WHAT IS BEING ASKED
Word for word, return the lines from the start of the entries below through the line that has "Etagenbett Km251Bett Günstig".

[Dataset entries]
---*---
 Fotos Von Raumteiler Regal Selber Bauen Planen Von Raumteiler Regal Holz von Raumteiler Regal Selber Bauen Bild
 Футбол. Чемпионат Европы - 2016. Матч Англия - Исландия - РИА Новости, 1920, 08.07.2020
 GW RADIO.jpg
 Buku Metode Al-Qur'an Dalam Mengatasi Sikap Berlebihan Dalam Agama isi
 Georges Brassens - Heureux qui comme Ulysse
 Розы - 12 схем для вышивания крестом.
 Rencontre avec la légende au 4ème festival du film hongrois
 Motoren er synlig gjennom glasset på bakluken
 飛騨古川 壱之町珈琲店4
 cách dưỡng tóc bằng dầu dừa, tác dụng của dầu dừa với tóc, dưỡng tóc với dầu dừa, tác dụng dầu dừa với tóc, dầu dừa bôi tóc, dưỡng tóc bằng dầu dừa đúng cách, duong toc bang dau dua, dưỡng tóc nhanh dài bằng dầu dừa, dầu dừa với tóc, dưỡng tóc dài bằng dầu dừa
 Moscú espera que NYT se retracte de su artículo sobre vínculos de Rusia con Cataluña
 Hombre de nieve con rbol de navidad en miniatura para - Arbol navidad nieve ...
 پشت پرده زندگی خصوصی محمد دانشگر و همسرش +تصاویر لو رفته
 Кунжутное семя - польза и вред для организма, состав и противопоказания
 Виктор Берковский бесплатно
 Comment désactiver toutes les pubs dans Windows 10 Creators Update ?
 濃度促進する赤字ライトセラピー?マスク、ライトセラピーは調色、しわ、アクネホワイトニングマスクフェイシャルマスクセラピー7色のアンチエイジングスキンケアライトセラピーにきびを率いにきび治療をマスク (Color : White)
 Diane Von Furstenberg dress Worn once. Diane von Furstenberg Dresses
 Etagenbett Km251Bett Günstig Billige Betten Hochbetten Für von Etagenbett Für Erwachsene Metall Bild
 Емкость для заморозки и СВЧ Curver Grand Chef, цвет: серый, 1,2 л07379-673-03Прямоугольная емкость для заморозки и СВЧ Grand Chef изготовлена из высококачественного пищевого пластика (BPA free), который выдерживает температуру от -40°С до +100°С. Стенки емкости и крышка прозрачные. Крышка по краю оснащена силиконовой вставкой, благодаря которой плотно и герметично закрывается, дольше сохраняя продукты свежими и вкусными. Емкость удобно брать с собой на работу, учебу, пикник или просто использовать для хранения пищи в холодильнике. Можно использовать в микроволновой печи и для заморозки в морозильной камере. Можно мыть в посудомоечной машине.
---*---
SOLUTION FOR THIS EXERCISE
 Fotos Von Raumteiler Regal Selber Bauen Planen Von Raumteiler Regal Holz von Raumteiler Regal Selber Bauen Bild
 Футбол. Чемпионат Европы - 2016. Матч Англия - Исландия - РИА Новости, 1920, 08.07.2020
 GW RADIO.jpg
 Buku Metode Al-Qur'an Dalam Mengatasi Sikap Berlebihan Dalam Agama isi
 Georges Brassens - Heureux qui comme Ulysse
 Розы - 12 схем для вышивания крестом.
 Rencontre avec la légende au 4ème festival du film hongrois
 Motoren er synlig gjennom glasset på bakluken
 飛騨古川 壱之町珈琲店4
 cách dưỡng tóc bằng dầu dừa, tác dụng của dầu dừa với tóc, dưỡng tóc với dầu dừa, tác dụng dầu dừa với tóc, dầu dừa bôi tóc, dưỡng tóc bằng dầu dừa đúng cách, duong toc bang dau dua, dưỡng tóc nhanh dài bằng dầu dừa, dầu dừa với tóc, dưỡng tóc dài bằng dầu dừa
 Moscú espera que NYT se retracte de su artículo sobre vínculos de Rusia con Cataluña
 Hombre de nieve con rbol de navidad en miniatura para - Arbol navidad nieve ...
 پشت پرده زندگی خصوصی محمد دانشگر و همسرش +تصاویر لو رفته
 Кунжутное семя - польза и вред для организма, состав и противопоказания
 Виктор Берковский бесплатно
 Comment désactiver toutes les pubs dans Windows 10 Creators Update ?
 濃度促進する赤字ライトセラピー?マスク、ライトセラピーは調色、しわ、アクネホワイトニングマスクフェイシャルマスクセラピー7色のアンチエイジングスキンケアライトセラピーにきびを率いにきび治療をマスク (Color : White)
 Diane Von Furstenberg dress Worn once. Diane von Furstenberg Dresses
 Etagenbett Km251Bett Günstig Billige Betten Hochbetten Für von Etagenbett Für Erwachsene Metall Bild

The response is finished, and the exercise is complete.